The Daily Broadcast: Artemis III Takes Shape: NASA’s Ambitious LEO Test Before the Moon

Artemis III Shifts Strategy with Commercial Lander Integration in Earth Orbit

Spacer fabrication at Marshall Space Flight Center

NASA’s Artemis programme is undergoing a significant reshape. Rather than launching directly toward the Moon, the agency is inserting Artemis III as a dedicated Earth orbit test mission scheduled for 2027—a move that prioritises risk reduction and systems integration ahead of the first crewed lunar landing.

The mission marks a watershed moment for NASA’s approach to human spaceflight. For the first time, the agency will coordinate a launch campaign integrating multiple human-rated vehicles from competing commercial partners: Blue Origin’s Blue Moon Mark 2 and SpaceX’s Starship Human Landing System, alongside NASA’s Orion spacecraft. The crew of four will conduct rendezvous, docking, and proximity operations in low Earth orbit, testing crew transfer procedures and evaluating lander habitability before committing astronauts to the lunar surface.

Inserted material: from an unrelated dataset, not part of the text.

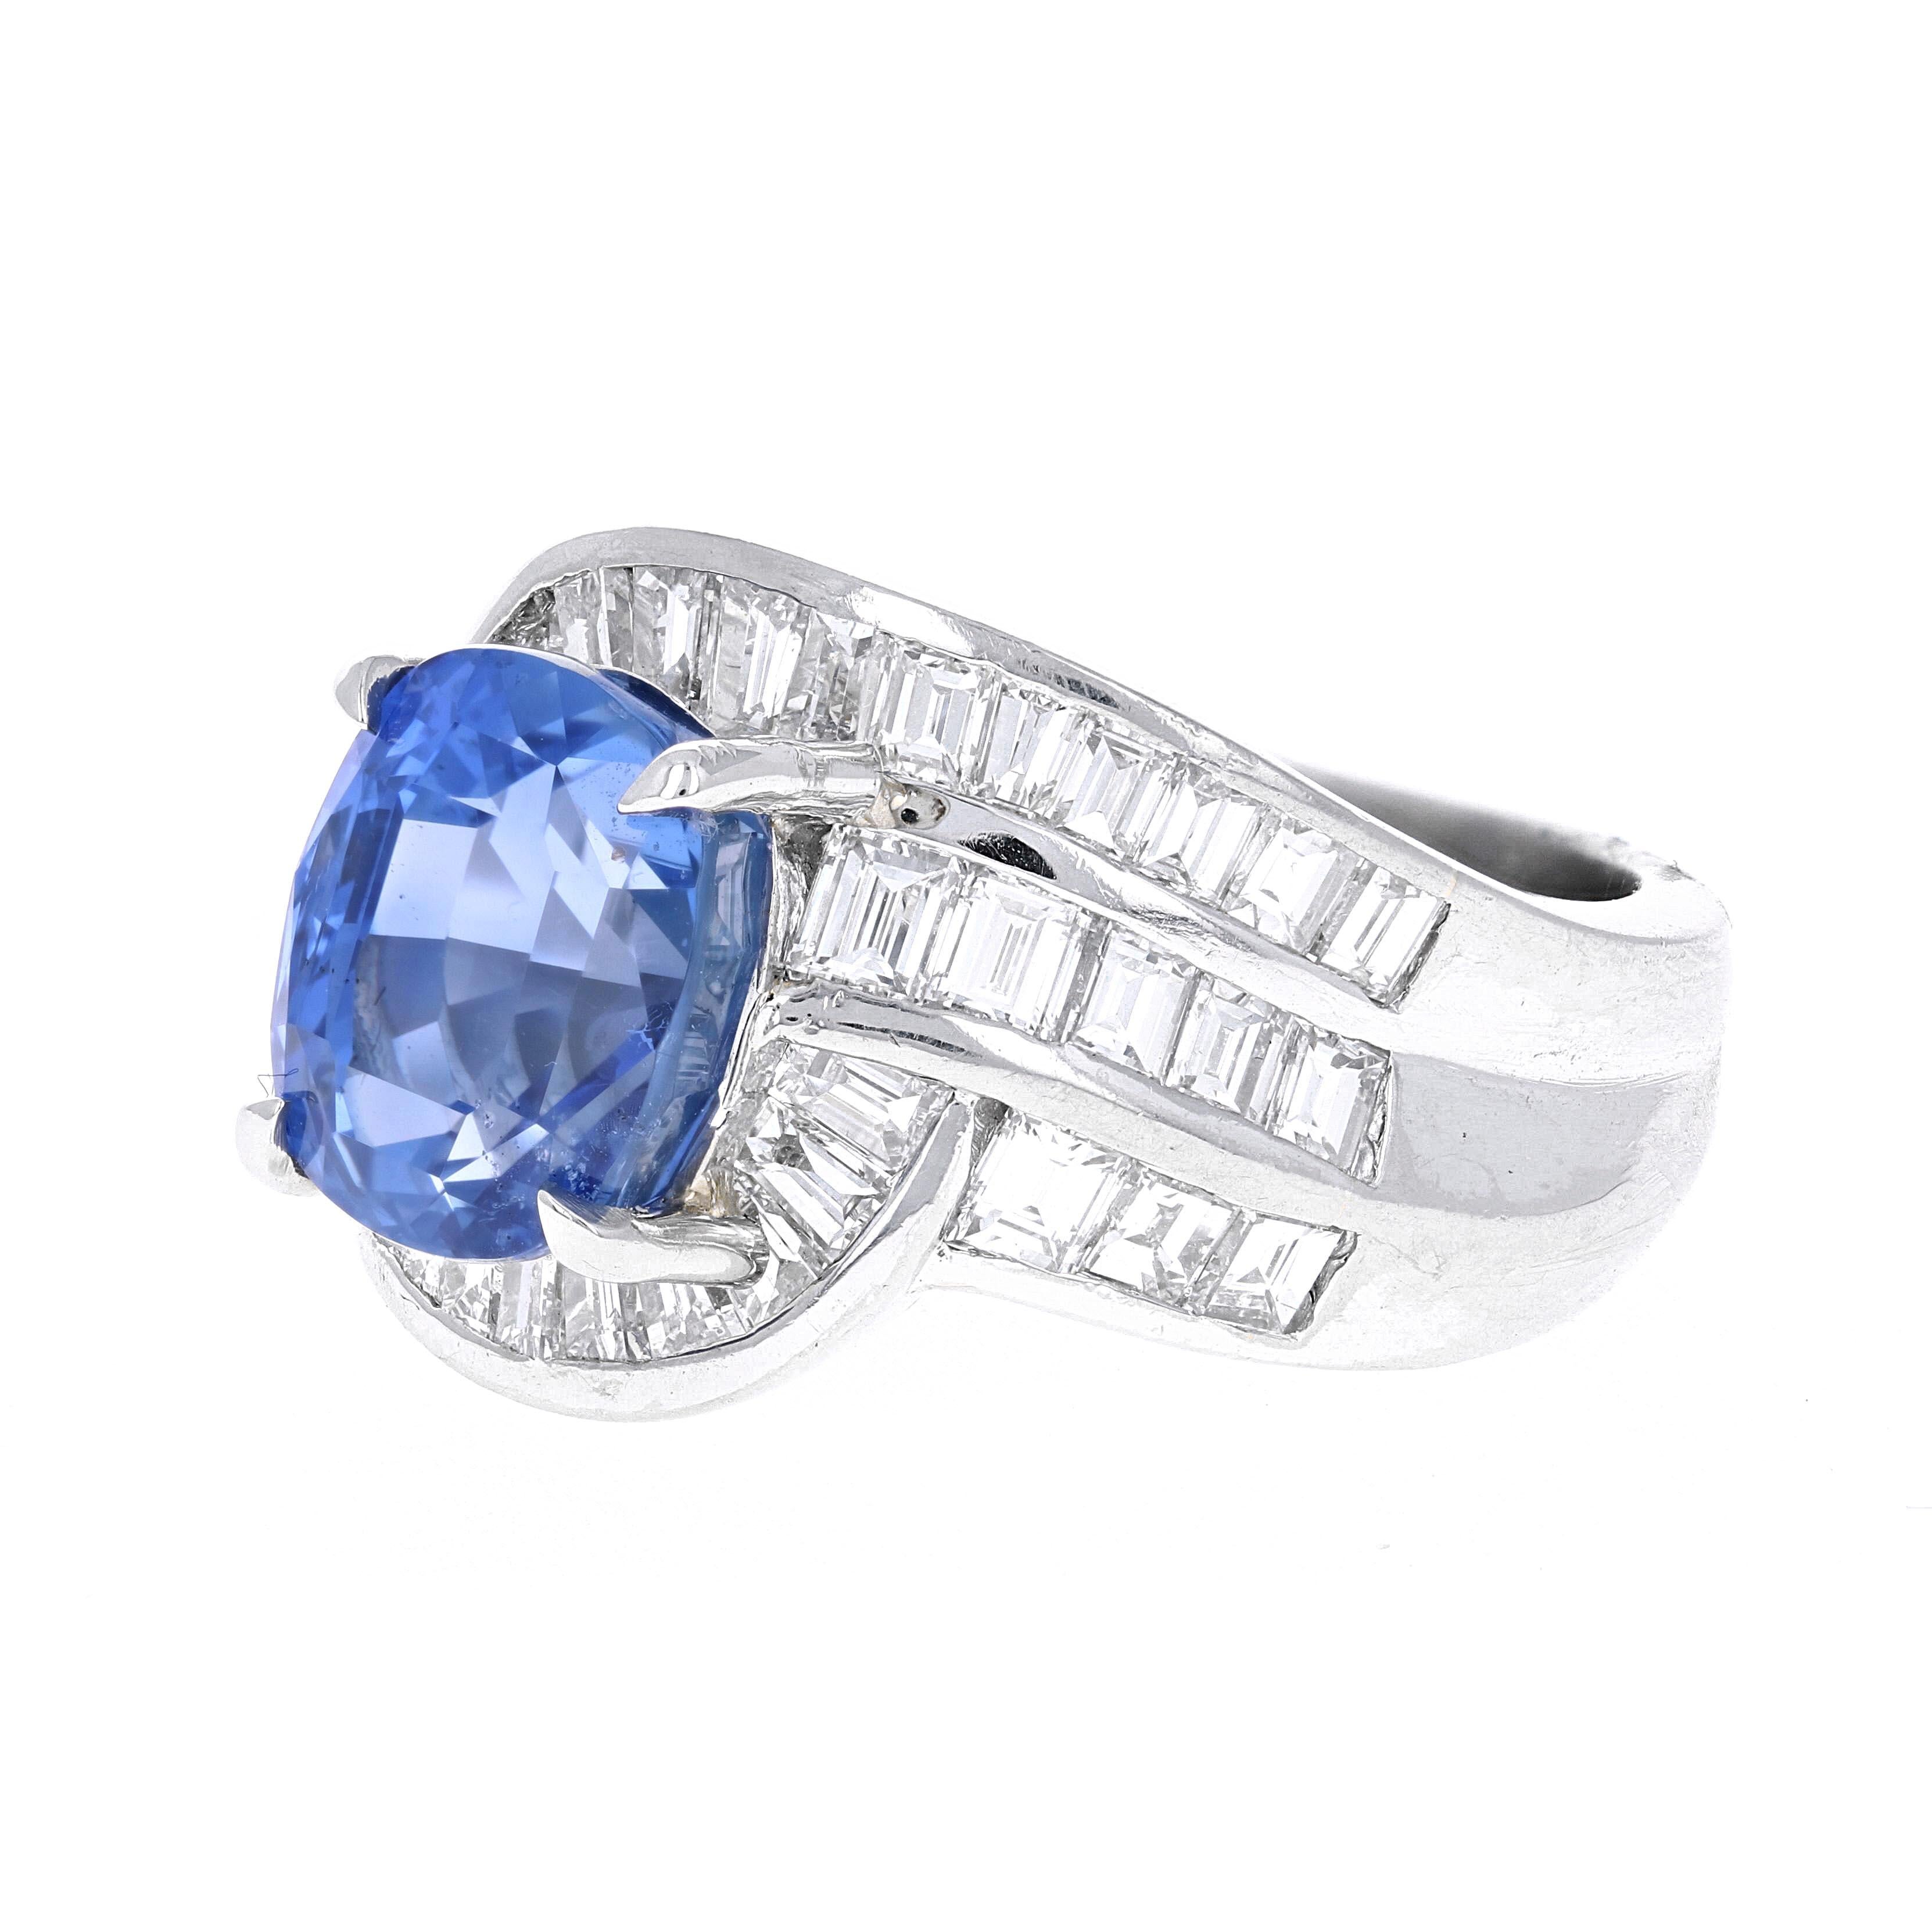 Cette bague cocktail en saphir bleu et diamant de 5,54 carats est magnifiquement réalisée dans une monture en platine unique. La monture est composée de 30 baguettes en diamant, de couleur G-H et de pureté VS-SI, pesant environ 2,39 carats. Le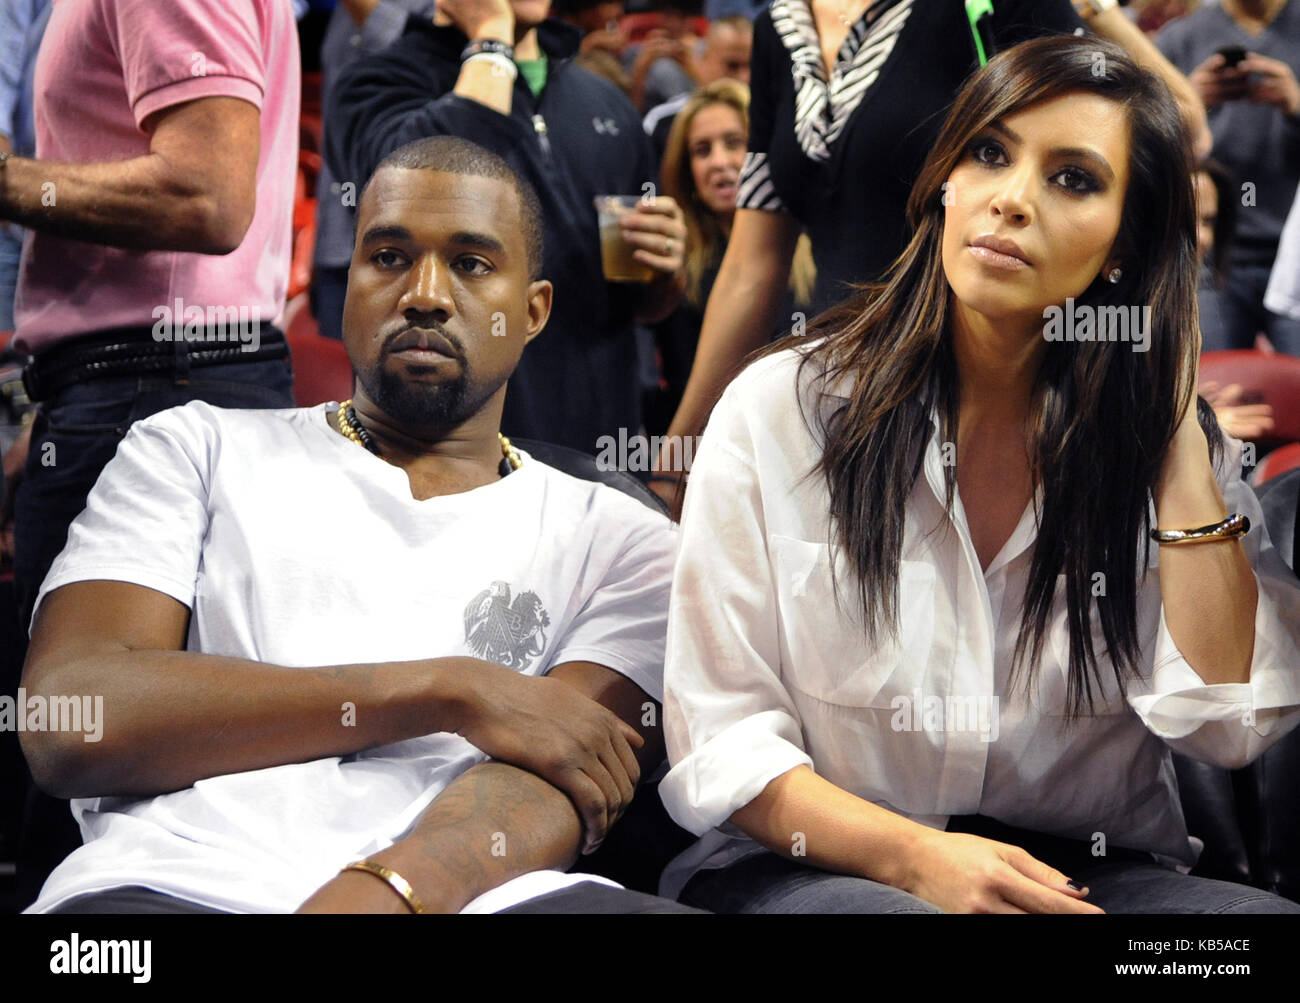 Miami, FL - DÉCEMBRE 06: Kanye West et Kim Kardashian assistent au match entre les Knicks de New York et Miami Heat à American Airlines Arena le 6 décembre 2012 à Miami, en Floride. Crédit Hoo-Me.com / Mediapunch Personnes: Kanye West Kim Kardashian Transmission Ref: Fl77 Banque D'Images

The Space Launch System will deliver Orion into an initial suborbital trajectory, but the vehicle will omit the Interim Cryogenic Propulsion Stage. Instead, engineers at Marshall Space Flight Center in Huntsville, Alabama are fabricating a non-propulsive “spacer”—a structural element that mimics the mass and interface properties of the ICPS. The European Space Agency’s Service Module will then perform orbital burns to reach stable low Earth orbit, where the complex choreography of rendezvous and transfer will unfold.

By conducting these demonstrations in Earth orbit rather than committing to the lunar environment immediately, NASA gains flexibility in launch windows and reduces technical exposure. Solid Rocket Booster segments are already arriving at Kennedy Space Center from Utah, and stacking on Mobile Launcher 1 inside the Vehicle Assembly Building is expected to begin this summer. The mission also provides an early opportunity to validate an upgraded Orion heat shield design and test revised reentry trajectories that could expand the operational envelope for future flights. Overall, this represents NASA’s deliberate pivot toward integrated, choreographed exploration rather than single-point demonstrations.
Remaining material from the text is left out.